Michael New discusses a recent study by Catholics in Alliance for the Common Good which argued that welfare programs have helped reduce the number of abortions performed more than abortion restrictions.
CACG missed an opportunity with their abortion study. They commissioned a methodologically rigorous analysis of a complicated issue — the incidence of abortion at the state level. However, their primary interest seemed to have been making the case that welfare spending was the best way to reduce abortion. They did not engage previous research on pro-life legislation. And tellingly, they failed to publicize their own findings which indicated that certain types of pro-life laws were effective. The pro-life community might have been more receptive to them had they been willing to acknowledge their own finding that public-funding restrictions reduce abortion rates. Instead, many pro-lifers simply wrote them off as group whose objective was to provide political and religious cover for pro-abortion supporters of Barack Obama.
Albert Mohler links to and discusses an article in the Boston Globe and a quote from Nicolas Cafardi, a prolife supporter of Barack Obama.
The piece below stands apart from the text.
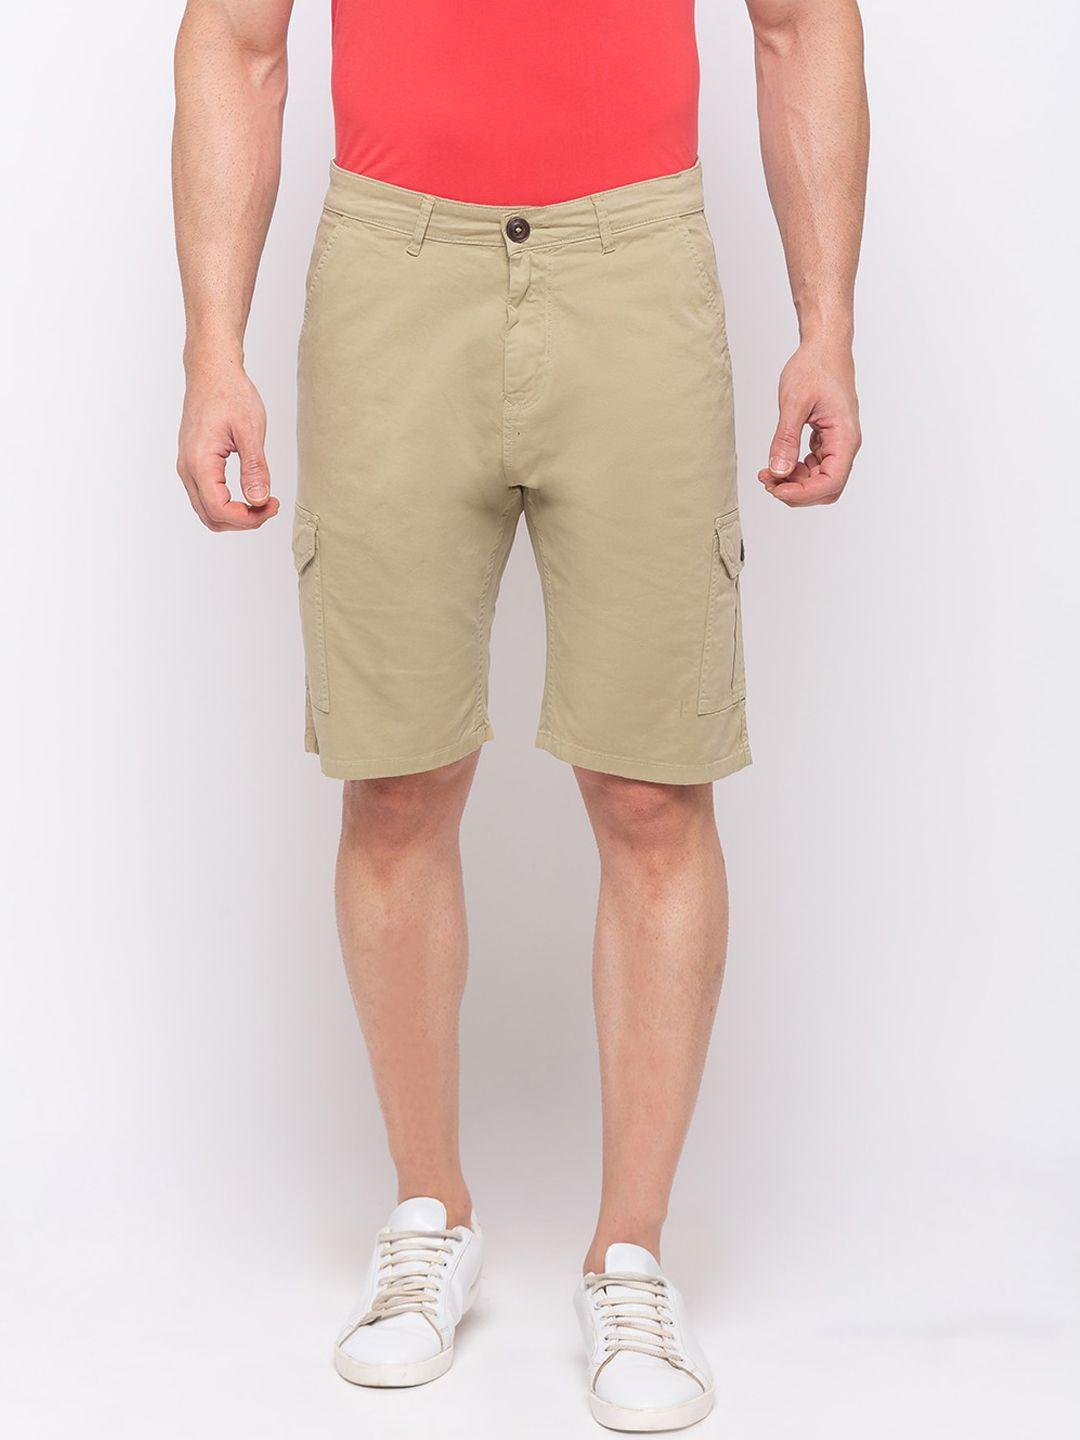 status quo men beige cargo shorts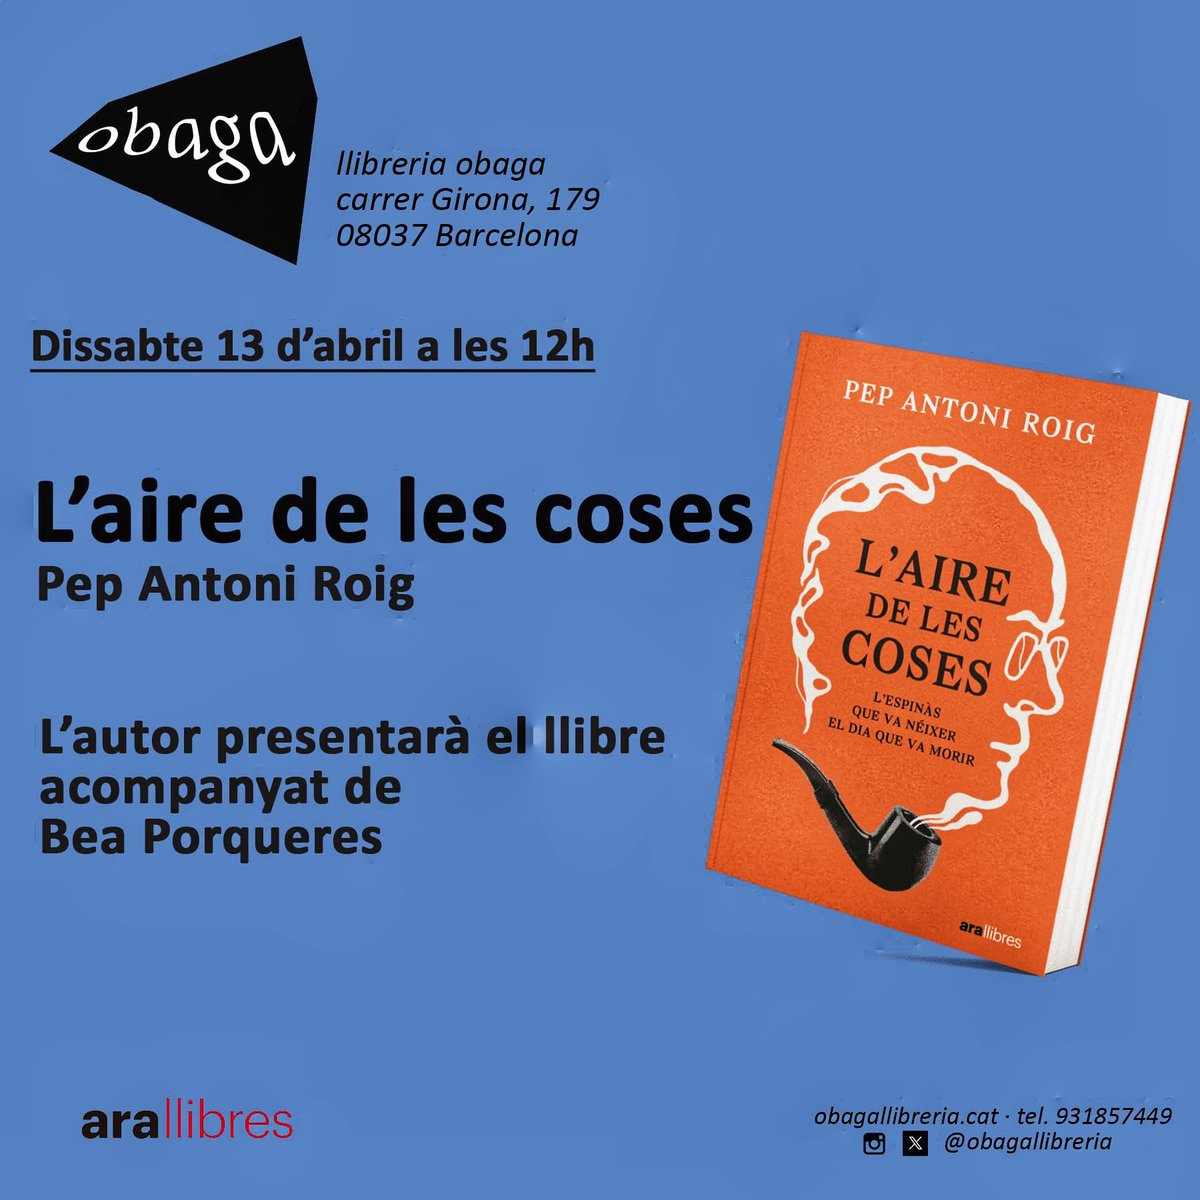 Si demà dissabte us ve de gust fer el vermut amb un toc de literatura, presentarem 'L'aire de les coses' a la @ObagaLlibreria de Barcelona. A les 12.00h, amb la Bea Porqueres.

Those fighting for the abolition of slavery pressed on against obstacles and set backs worse than these because, after all, these were human lives they were defending. What if they had listened to those who, after Dred Scott and the Missouri Compromise, said that the battle was "permanently" lost? What if they had been intimidated by critics accusing them of "single-issue" voting?
If every single fetus is an unborn child made in the image of God, there is no moral justification for settling for a vague hope of some reduction in the number of fetal homicides. If the abortion fight is "permanently lost," it will be lost first among those who claim to be defenders of life -- those who tell us that the argument is merely changing.